Híbrido mamute-elefante

Uma proposta de uso científico desse material genético preservado é recriar mamutes vivos. Isso tem sido discutido teoricamente há muito tempo, mas só recentemente se tornou objeto de esforço formal devido aos avanços nas técnicas de biologia molecular e na clonagem de mamíferos.
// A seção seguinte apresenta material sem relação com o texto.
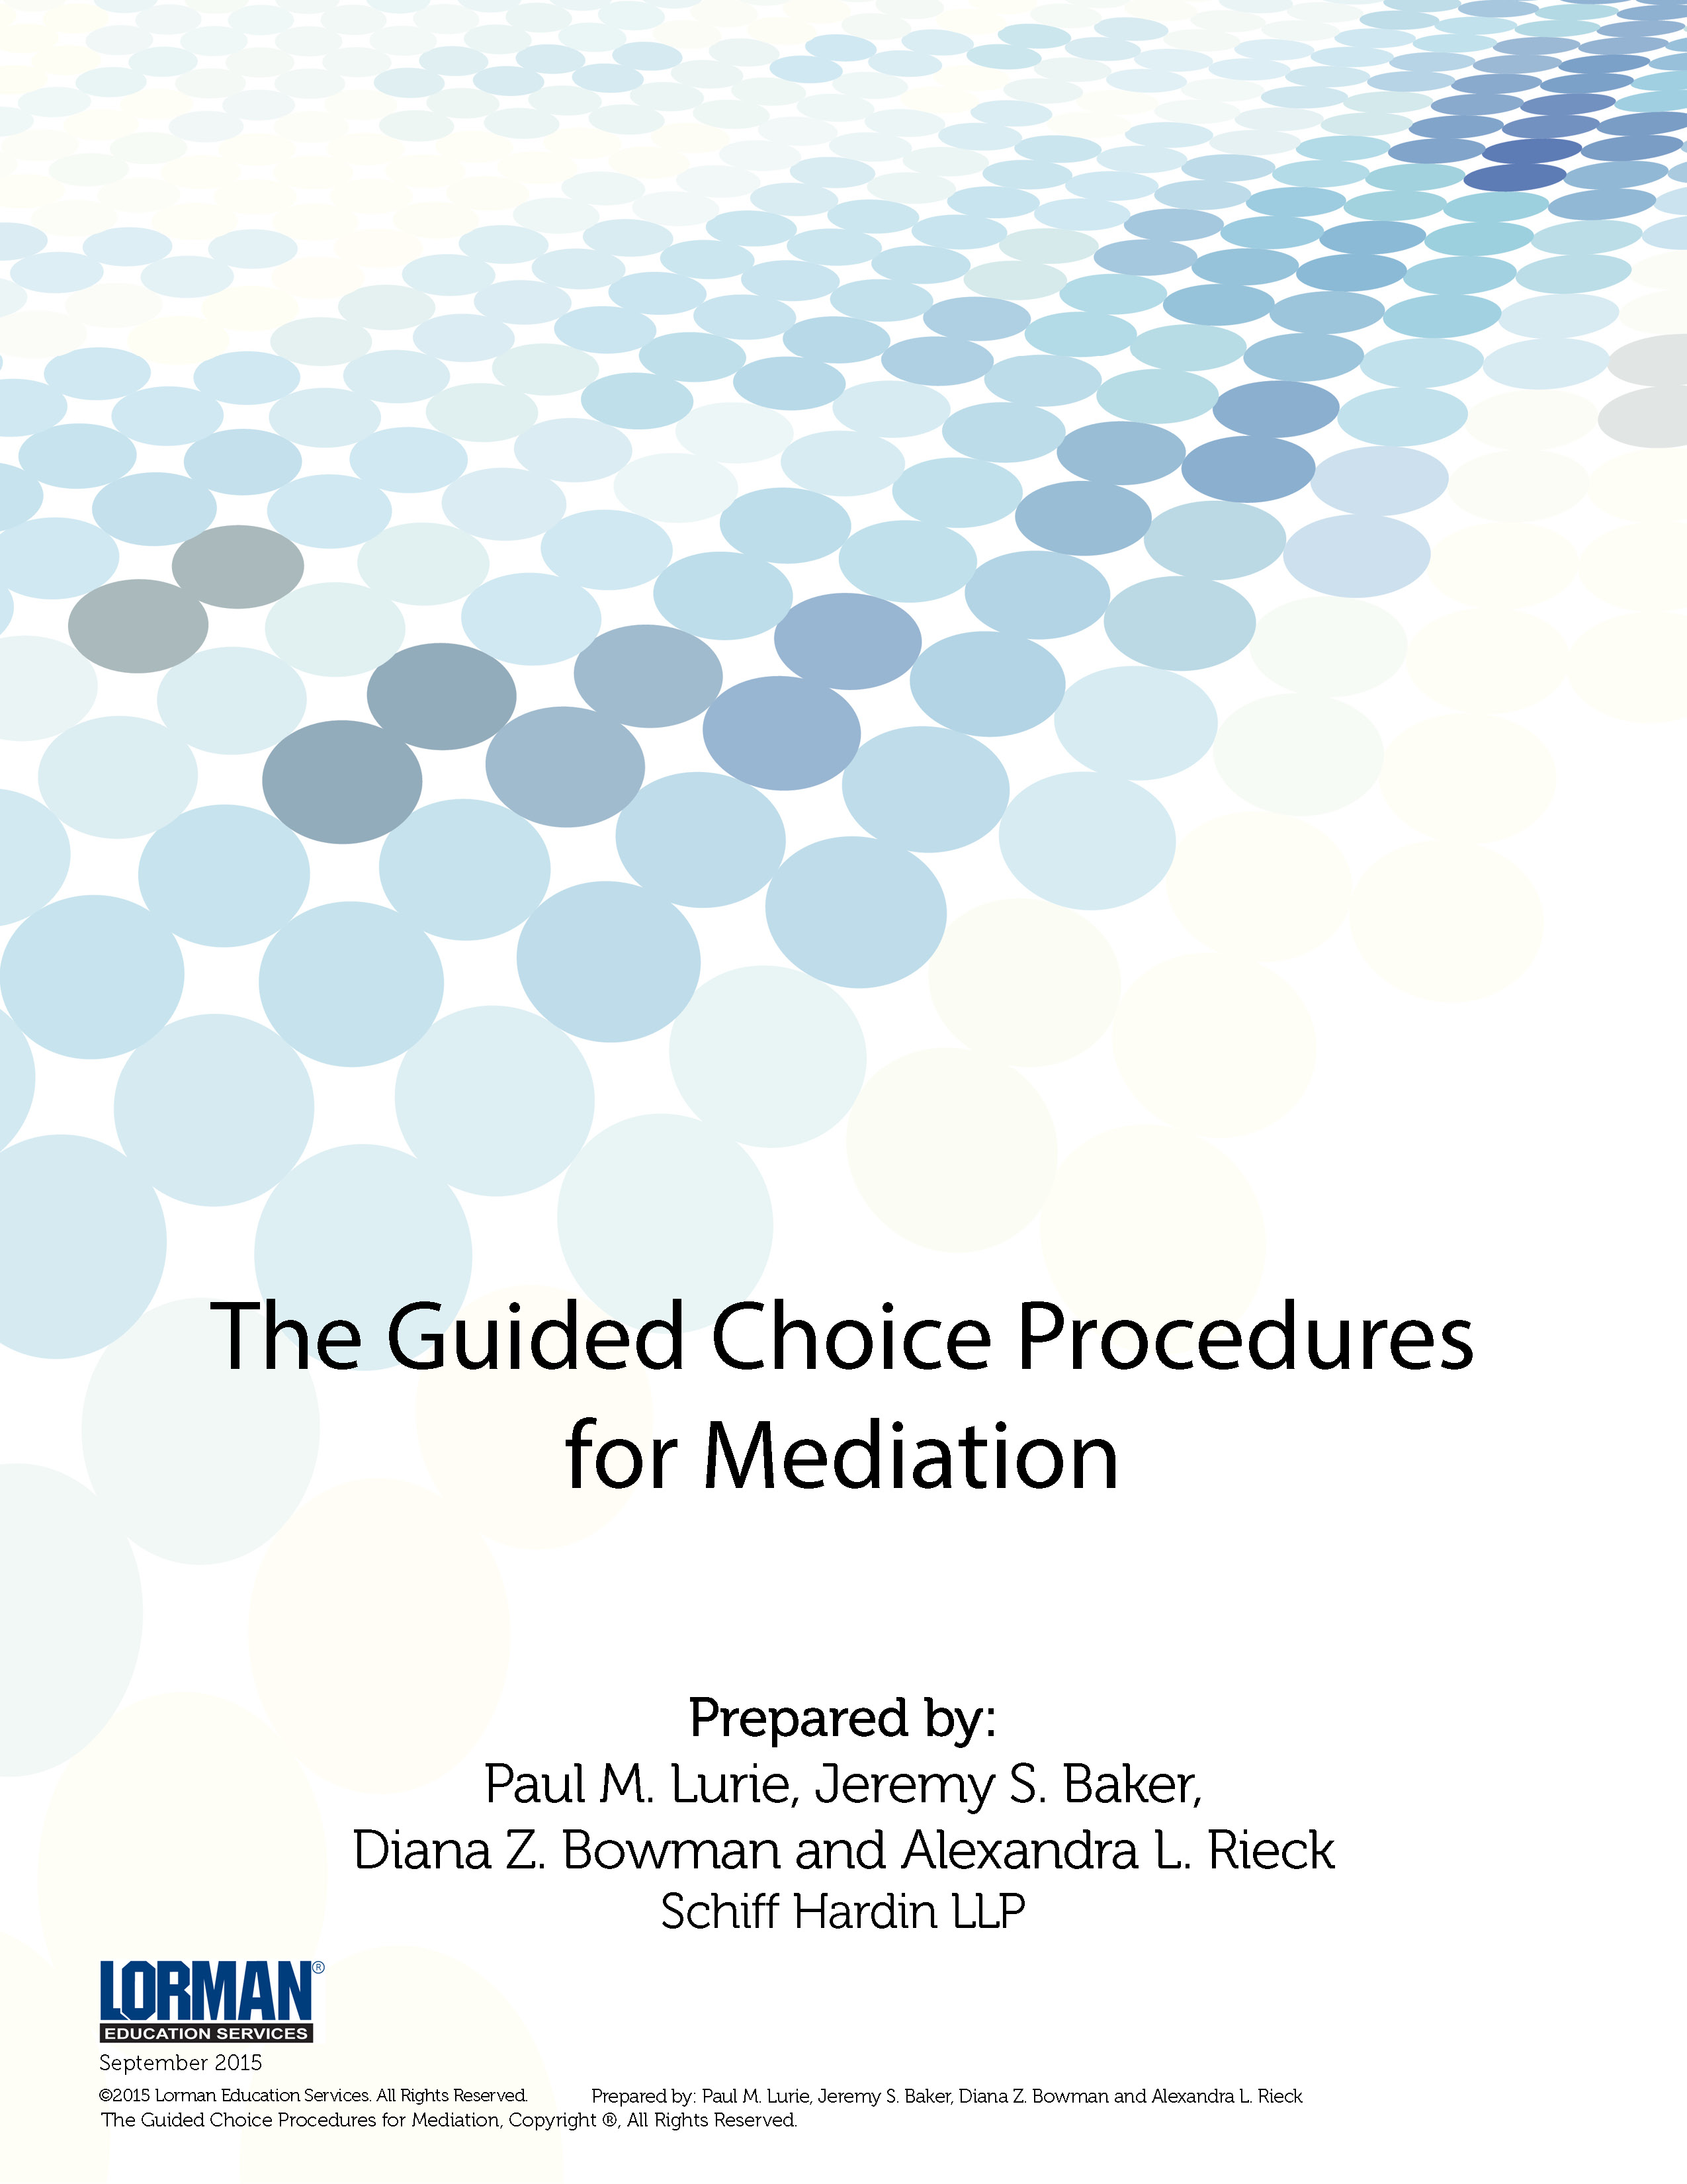 The Guided Choice Procedures for Mediation
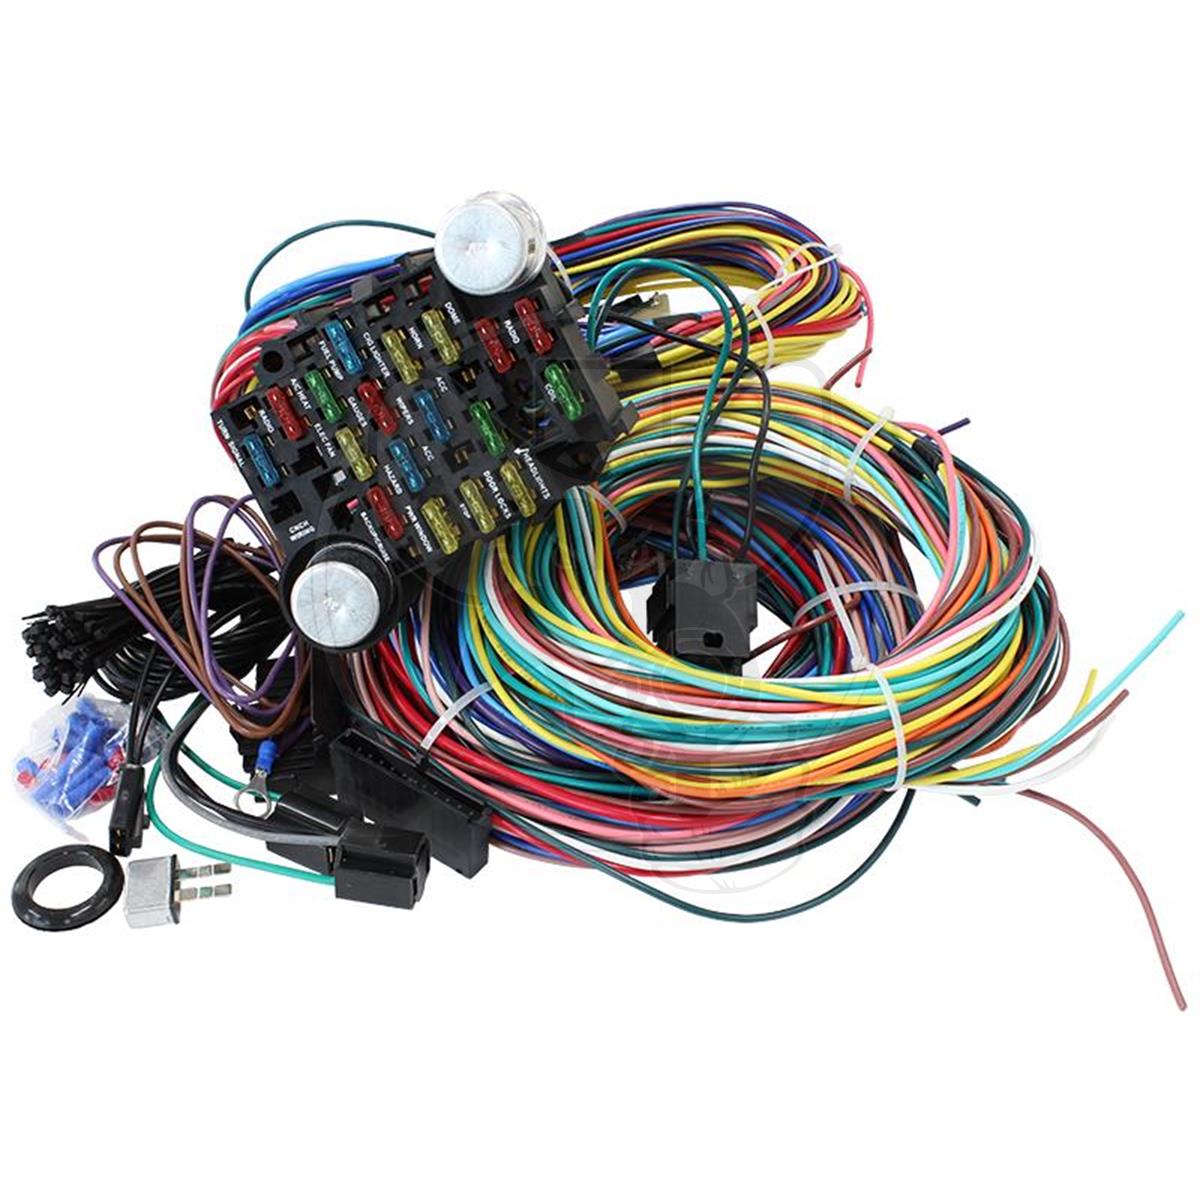 AEROFLOW COMPLETE WIRING HARNESS KIT 21-CCT W/STD FUSES & FUSE PANEL

De acordo com uma equipe de pesquisa, um mamute não pode ser recriado, mas eles tentarão eventualmente crescer em um "útero artificial" um elefante híbrido com alguns traços de mamute lanoso. A genômica comparativa mostra que o genoma do mamute corresponde a 99% do genoma do elefante, então alguns pesquisadores pretendem projetar um elefante com alguns genes de mamute que codificam a aparência externa e as características de um mamute. O resultado seria um híbrido elefante-mamute com não mais do que 1% de genes de mamute. Outros projetos estão trabalhando na adição gradual de genes de mamute a células de elefante in vitro.